+++ Data

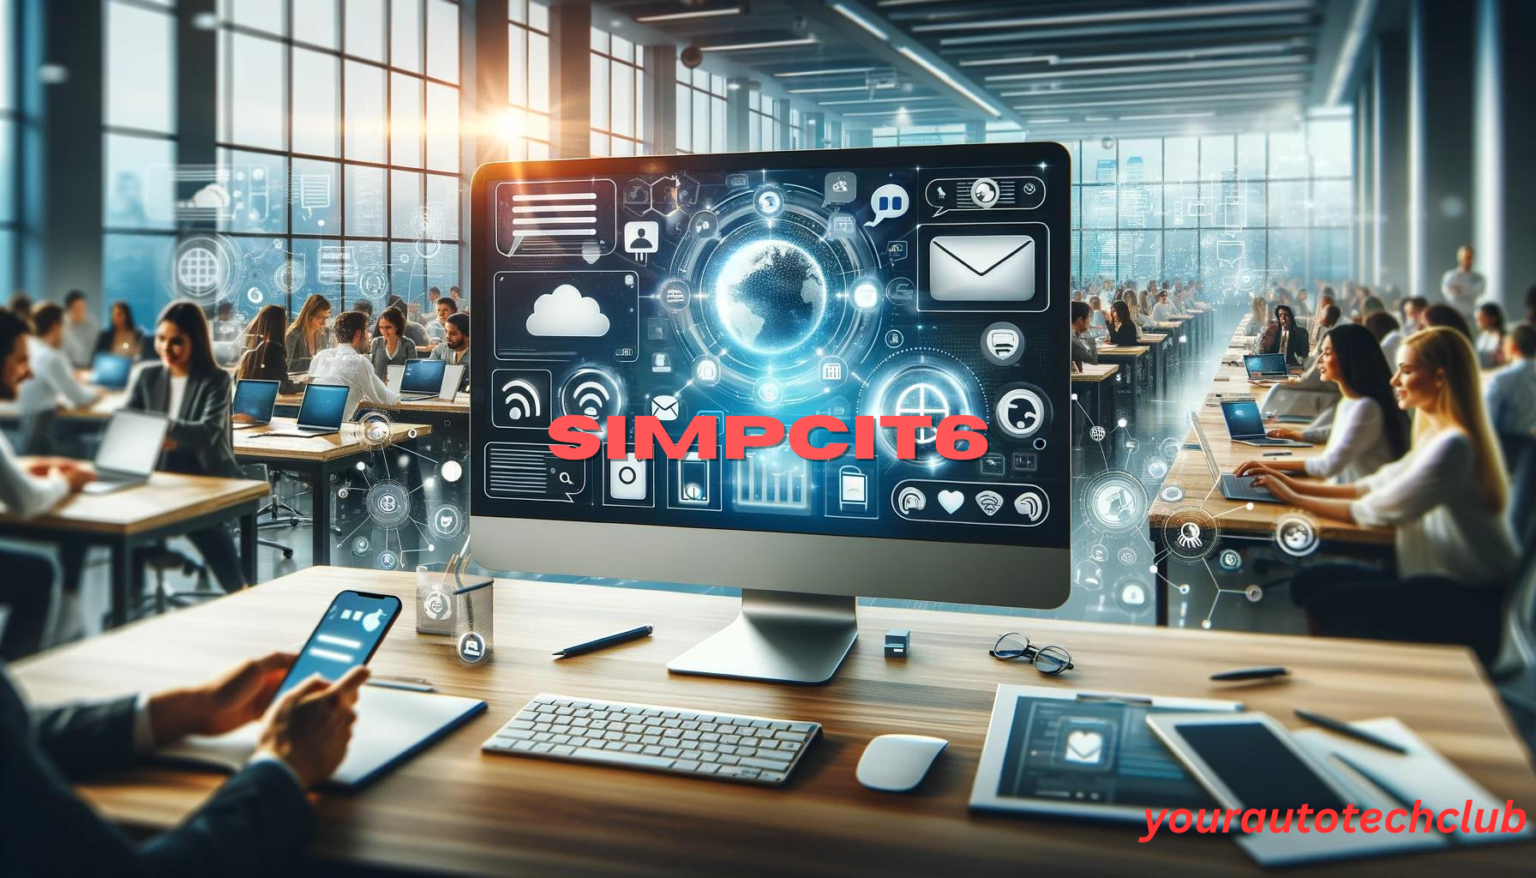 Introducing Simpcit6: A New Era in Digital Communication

++++++
+++ Data

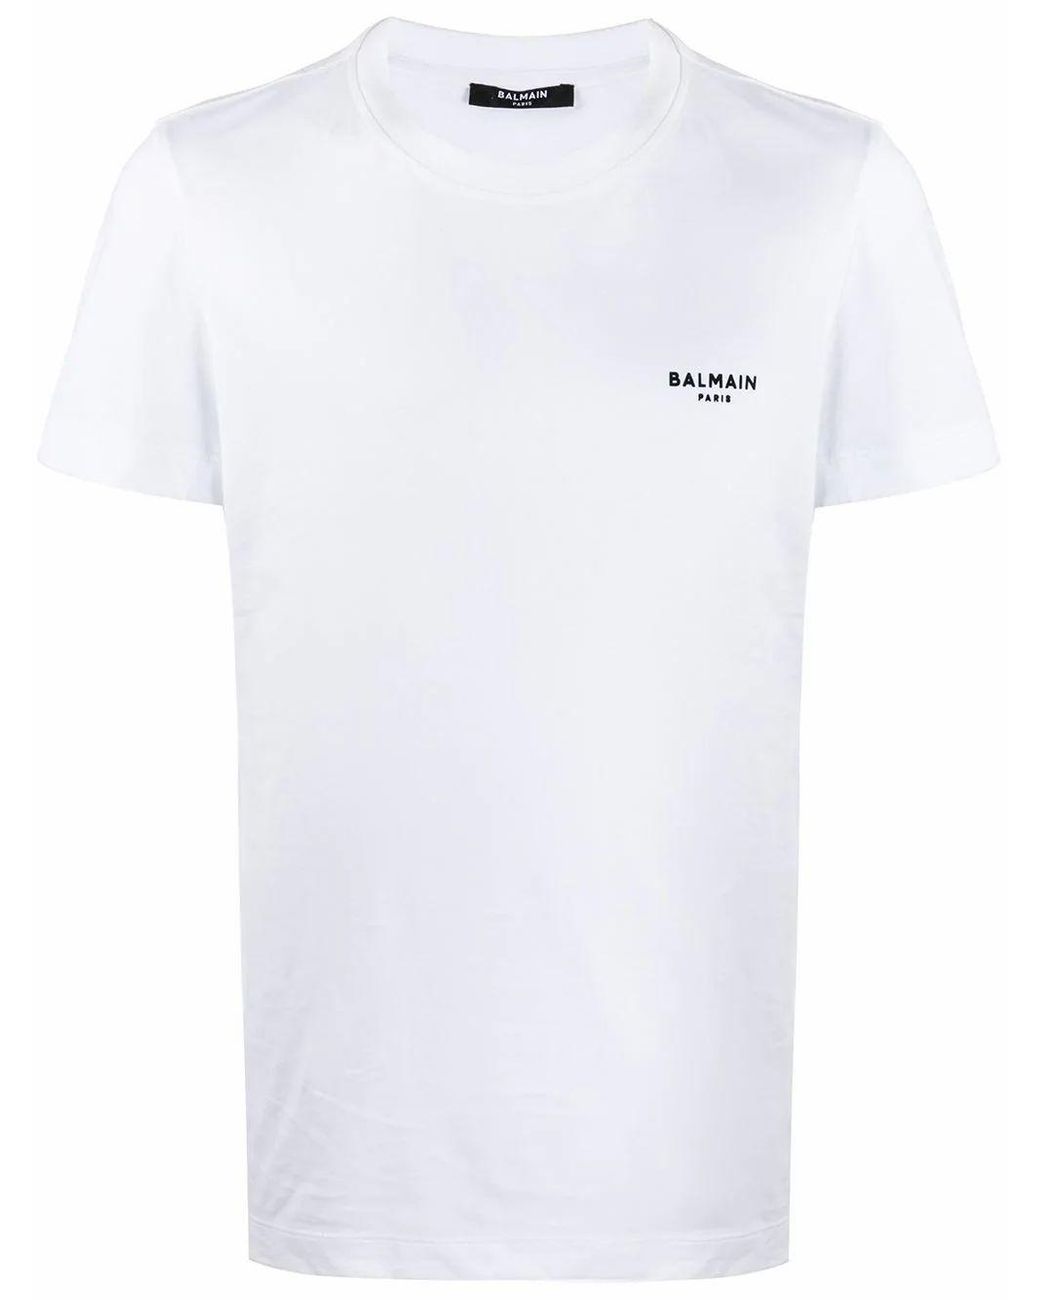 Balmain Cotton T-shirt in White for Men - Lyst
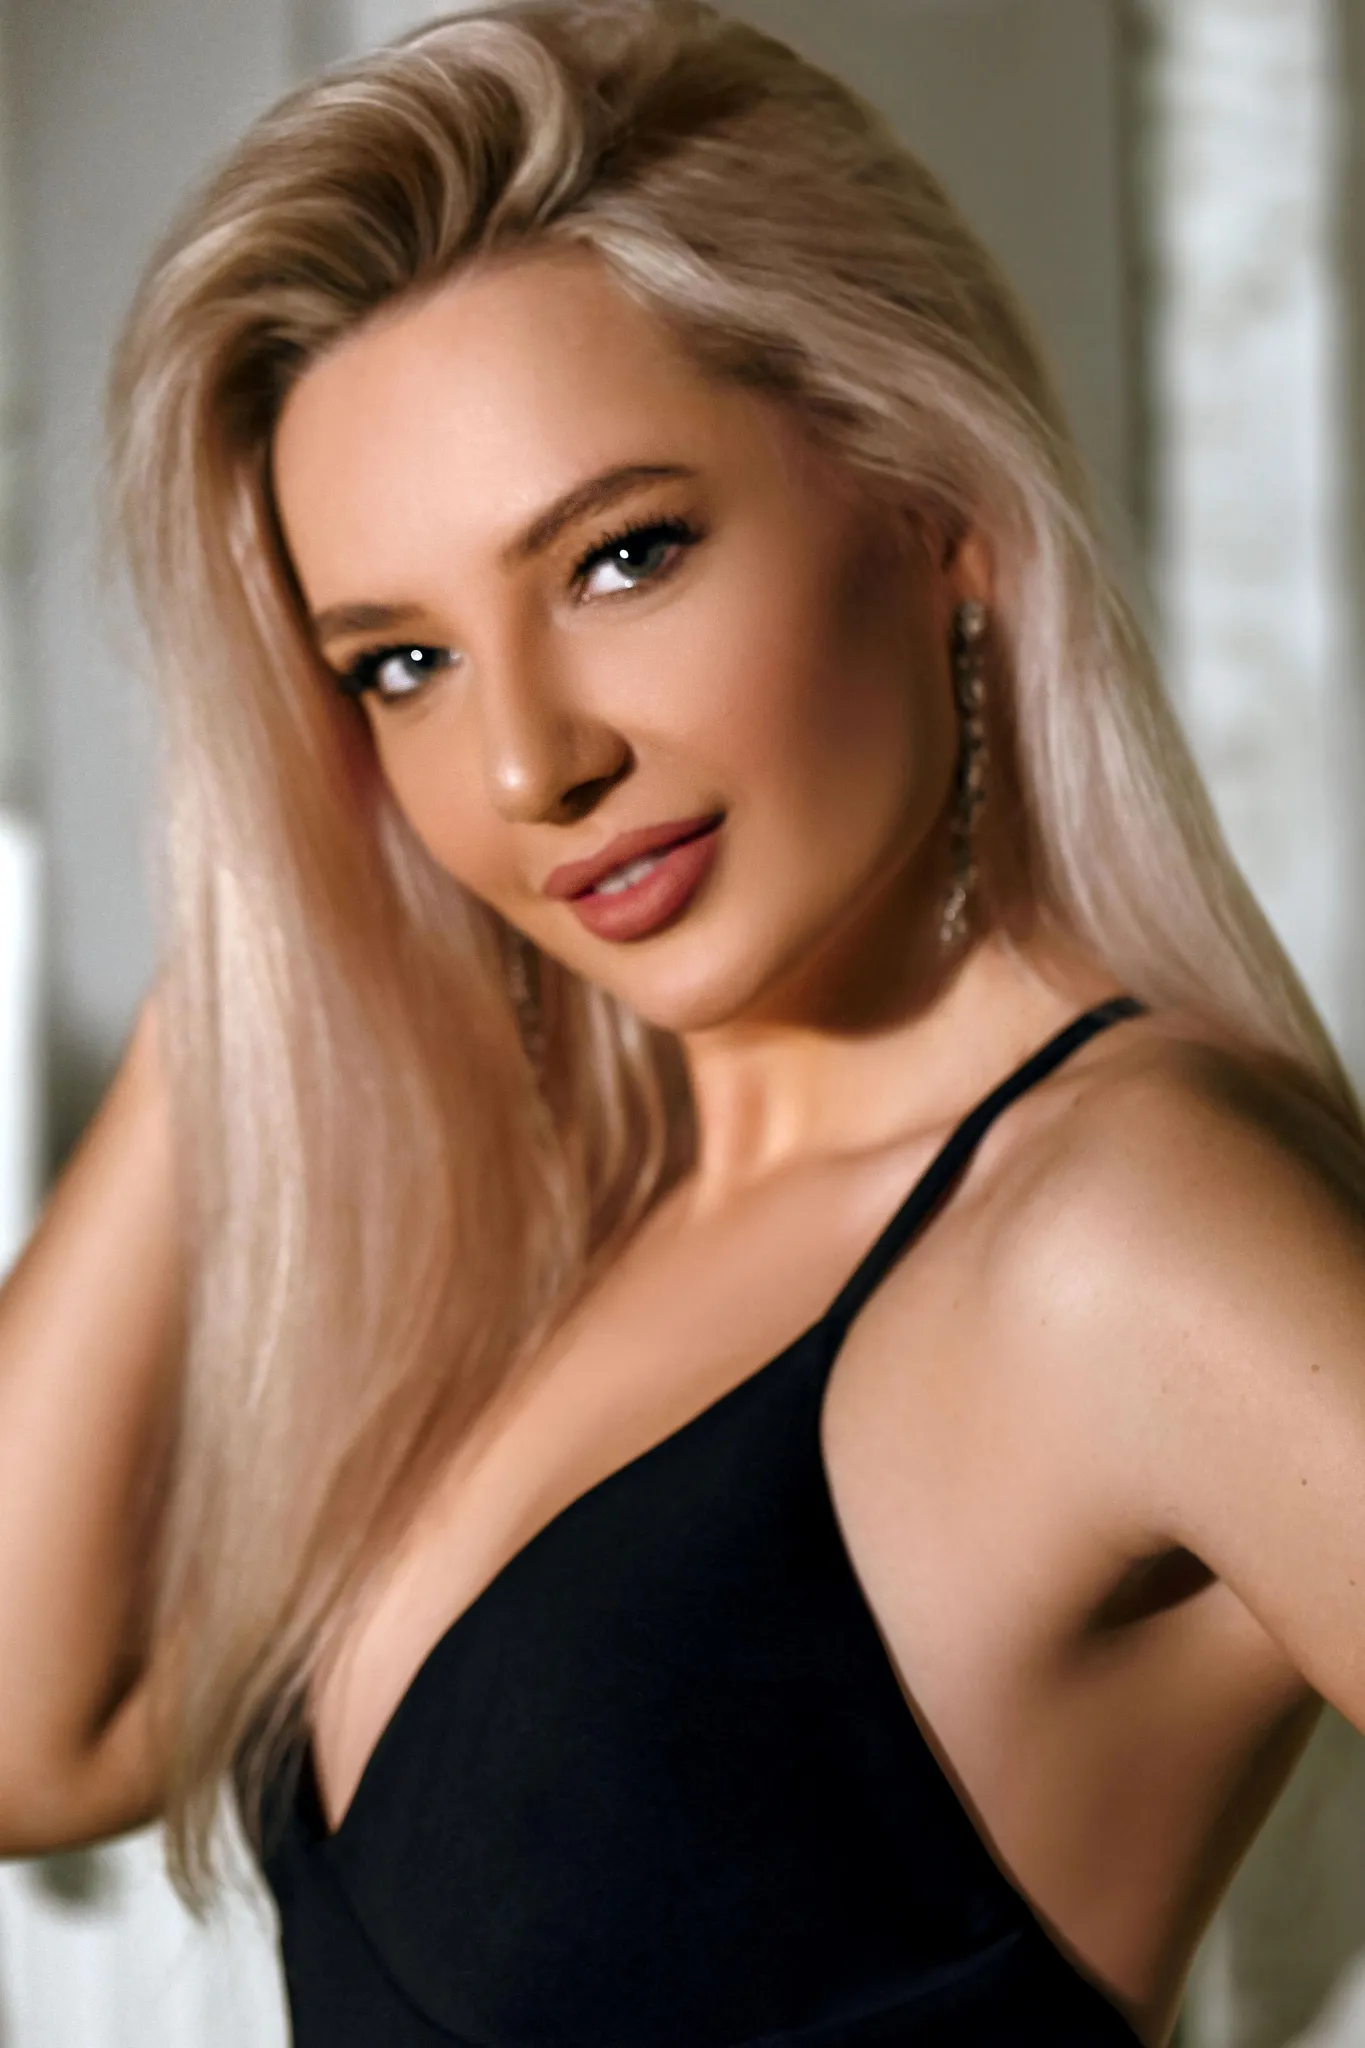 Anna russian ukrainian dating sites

++++++

Task
For the material above, give again only the lines starting at the line that contains "Balmain Cotton T-shirt" and ending at the line that contains "Anna russian ukrainian dating sites". Pictures do not belong in the copy.

Answer for this exercise
 Balmain Cotton T-shirt in White for Men - Lyst
 Anna russian ukrainian dating sites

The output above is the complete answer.